The feelings of rejection are all there, but tenfold. When romantic relationships end, it often makes sense. We place expectations on our intimate partnerships that are incredibly high, often unrealistic, and that foster codependence. You end up having the same fights over and over again, often related to the fact that you've decided to live in the same house with this person for the rest of your life, and to share money as well as tiny, stinky, screaming humans. It's not exactly a recipe for success.

But when a person you've known and chosen to spend time with for 20 years, by choice – no contracts, no shared property or beds, no children to raise, no money issues to fight over, no sexual or domestic expectations, no attempts to control who the other befriends or spends time with – suddenly wants nothing to do with you and offers no explanation? That's hard.

I mean, you were friends for a reason, and the reason was simple: you liked each other. So what does it mean when a friend leaves you? There are few explanations aside from, "I guess he just doesn't like me, as a person." Talk about a blow to your heart.

In many ways we set ourselves up for this kind of pain and don't leave room to address our friendship break ups in any way that feels like the "closure" we seek at the end of a romantic relationship. As a society, we place far more value on intimate partnerships (particularly heterosexual ones) than we do on friendship. We do this despite our friends being more likely to be the ones that stick with us until the bitter end, less likely to hurt us as badly as our exes have, and more likely to actually be there through thick and thin, rather than abandoning us and trading us in for a newer, younger friend-model.

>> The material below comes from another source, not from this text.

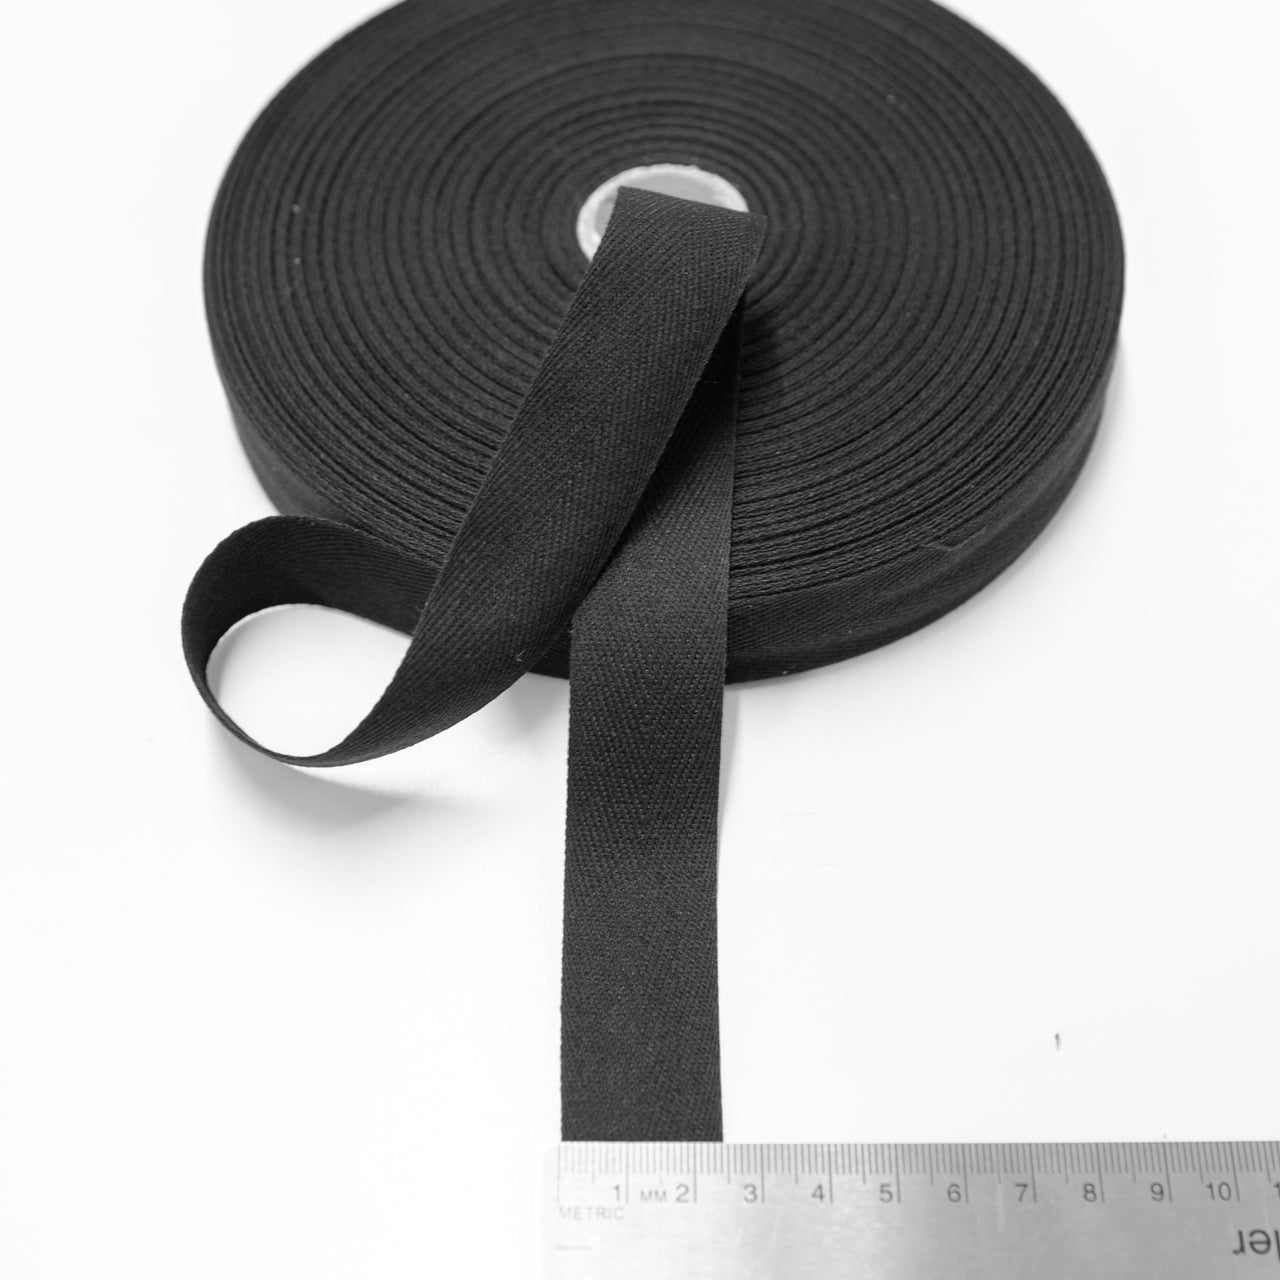 Herringbone Weave Tape, 10m

We don't tend to choose our friends for superficial reasons, because of hormones, or because of too much whiskey – we choose them because we enjoy their company, because we find them interesting or funny, or because we have shared interests and histories. Naturally, as we get older and our lives change, friends may grow apart as lovers do, but the concerted, sudden, one-sided ending of a friendship doesn't get the respect or attention it deserves. It's socially acceptable.

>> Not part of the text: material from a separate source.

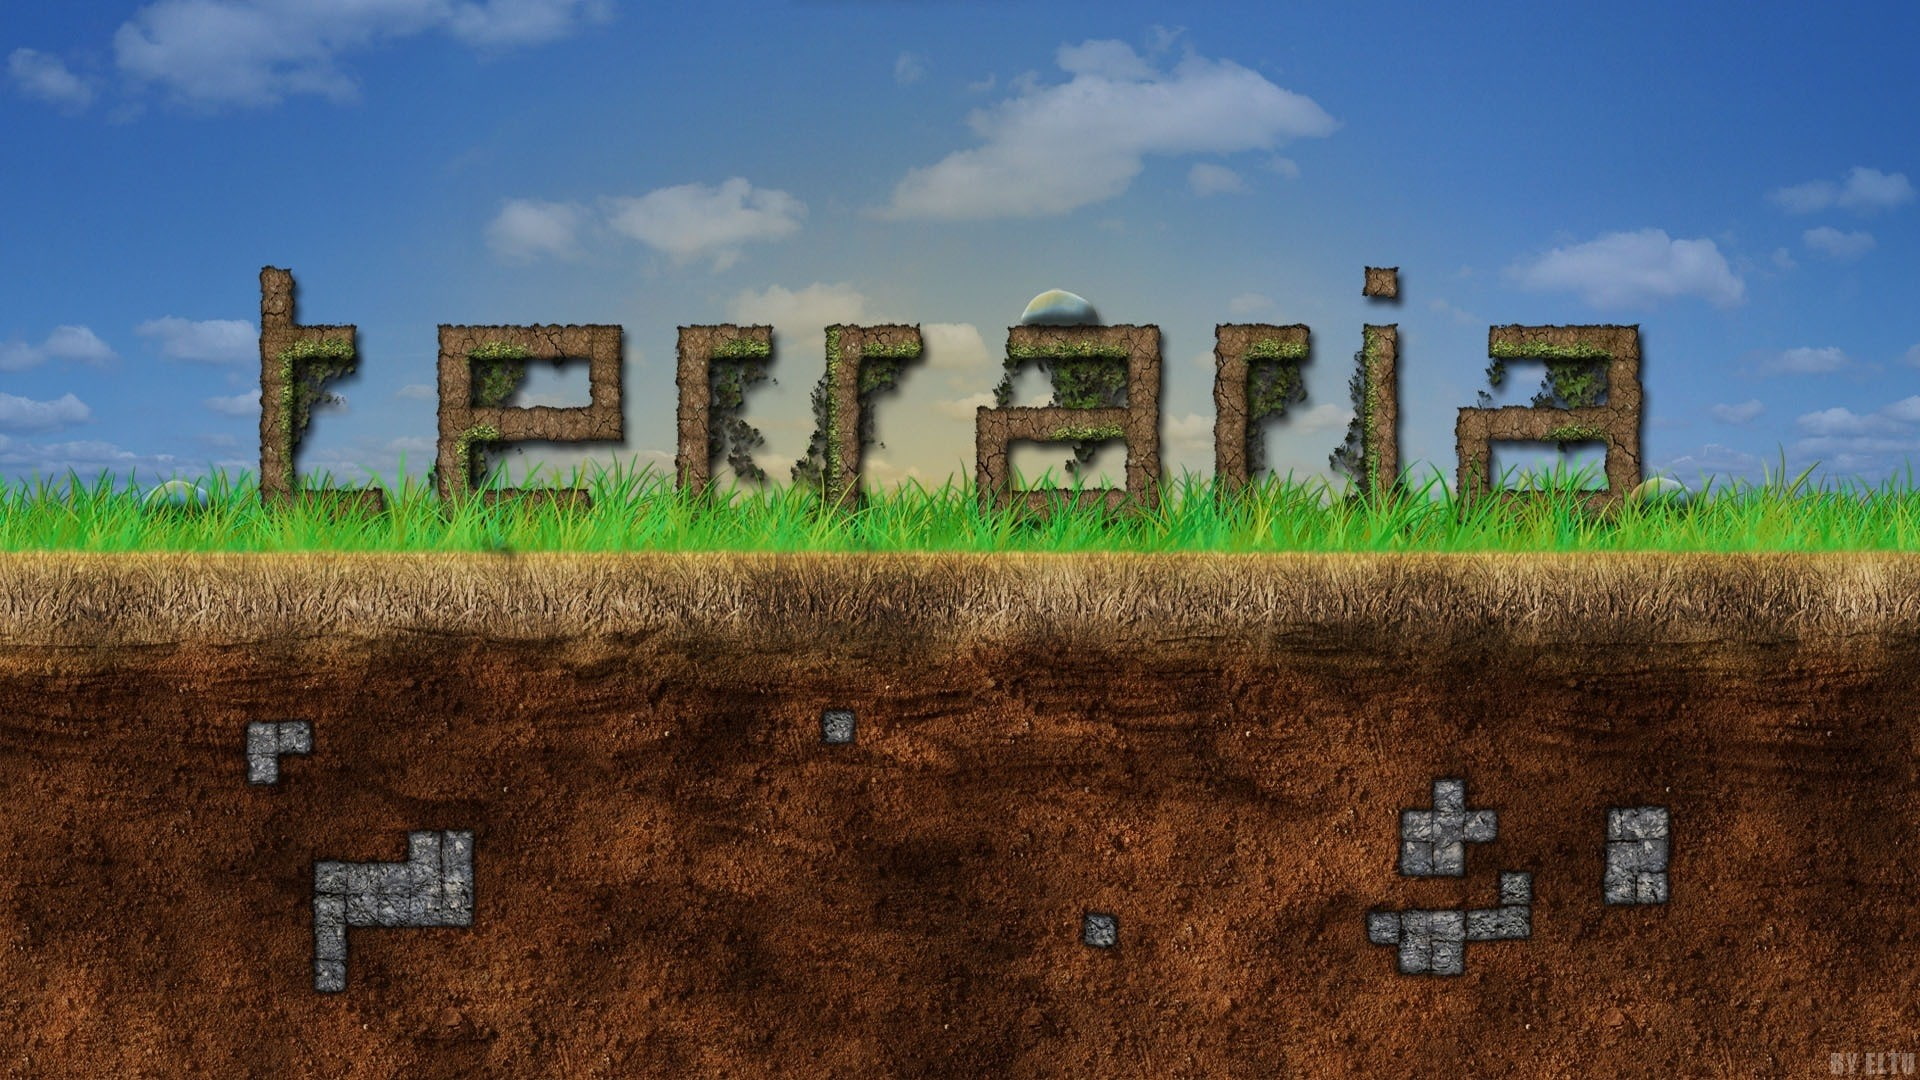 Terraria, Ground, Grass, Sky, text, nature, western script

After Will had avoided making plans with me for months and failed to invite me to his birthday party, I realised this was not just in my head. I finally confronted him – resentful that I'd had to ask, and in effect point out the obvious. I learned little beyond that he had made a decision to no longer be my friend.

I sobbed to my boyfriend the way I would had someone died – but other than that, I was mostly alone in my grief. I felt like I had to simply push that particular heartache out of my mind and move forward as though nothing had happened. Yet I still miss my friend more than I do any ex-boyfriend.

Meghan Murphy is a writer from Vancouver, B.C. Her website is Feminist Current.